**Problem: **Find the vertices of the two right angles triangles, each having area 18 and such that the point (2, 4) lies on the hypotenuse, and the other two sides are formed by the x and y axes.

**Discussion: **Suppose the vertices are (a, 0) and (0, b). Clearly \(\frac{1}{2} ab = 18 \) or ab = 36.

Also the equation of the line through (0,a), (b,0) is \(\displaystyle{ \frac{x}{a} + \frac{y}{b} = 1 } \). Since we know that (2, 4) is on that line, there fore \(\displaystyle { \frac{2}{a} + \frac{4}{b} = 1 } \).

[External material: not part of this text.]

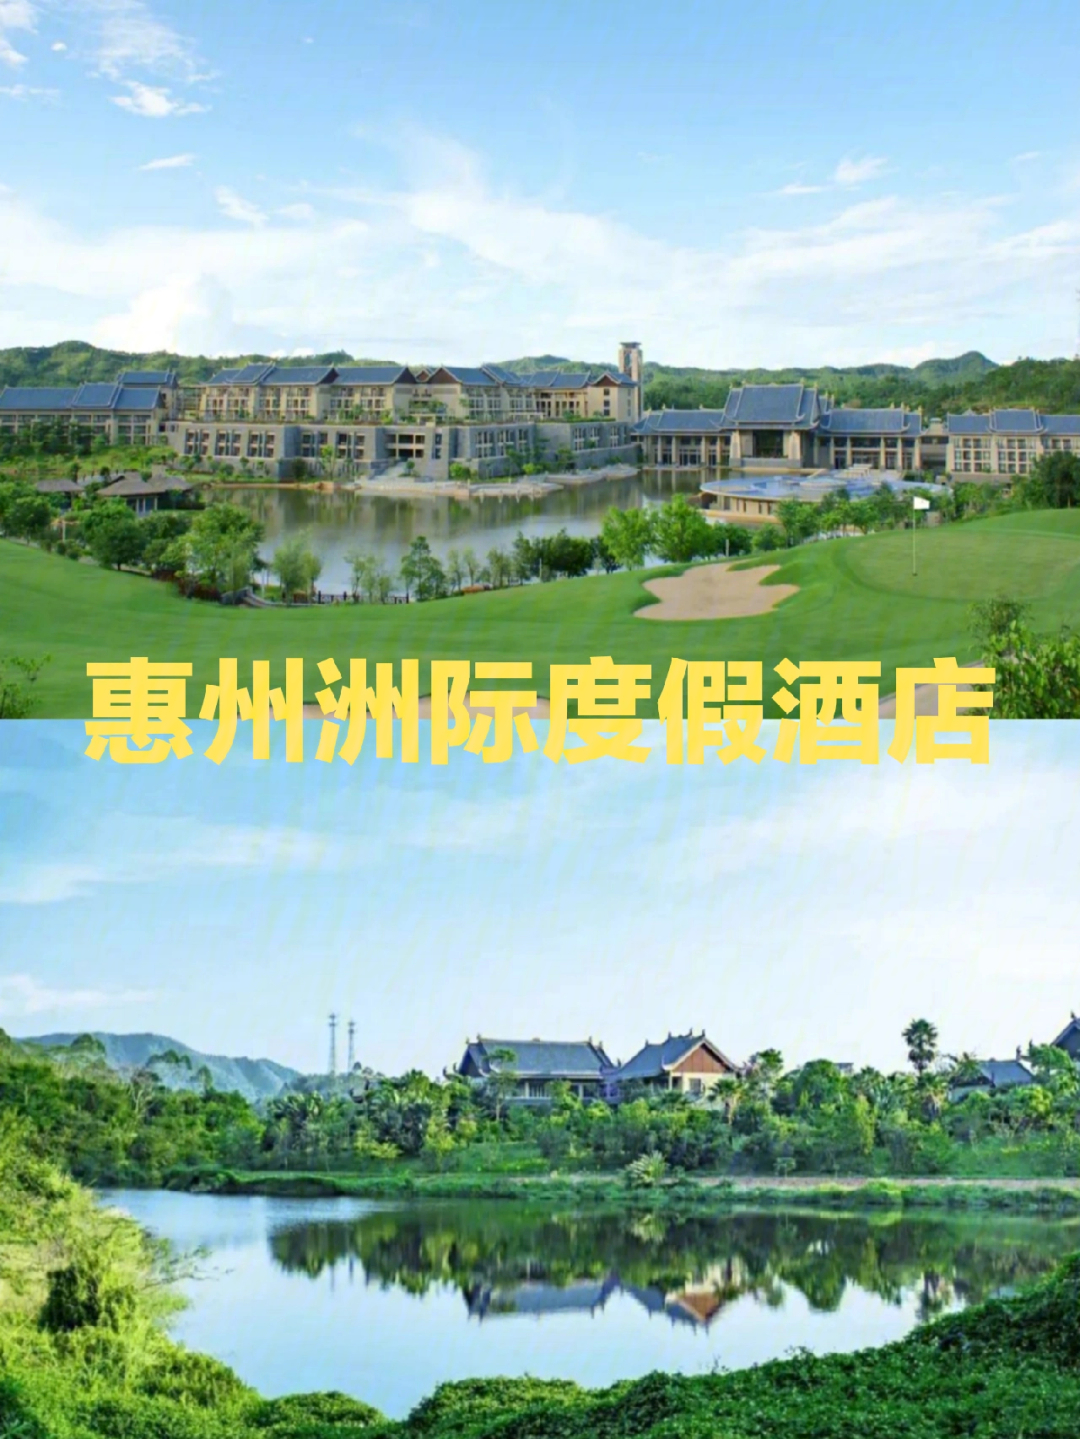 惠州横沥洲际酒店房价图片

In this equation, lets replace \(a \) by \(\frac{36}{b} \). Hence we get \(\displaystyle { \frac{2}{\frac{36}{b}} + \frac{4}{b} = 1 } \) or \(\displaystyle { \frac{b}{18} + \frac{4}{b} = 1 } \).

Therefore we get a quadratic in b.

\(\displaystyle { b^2 -18b + 72 = 0 } \). We can simply middle term factorize this to find \(\displaystyle {(b-12)(b-6) = 0 } \). Thus b = 12 or 6 implying a = 3 or 6.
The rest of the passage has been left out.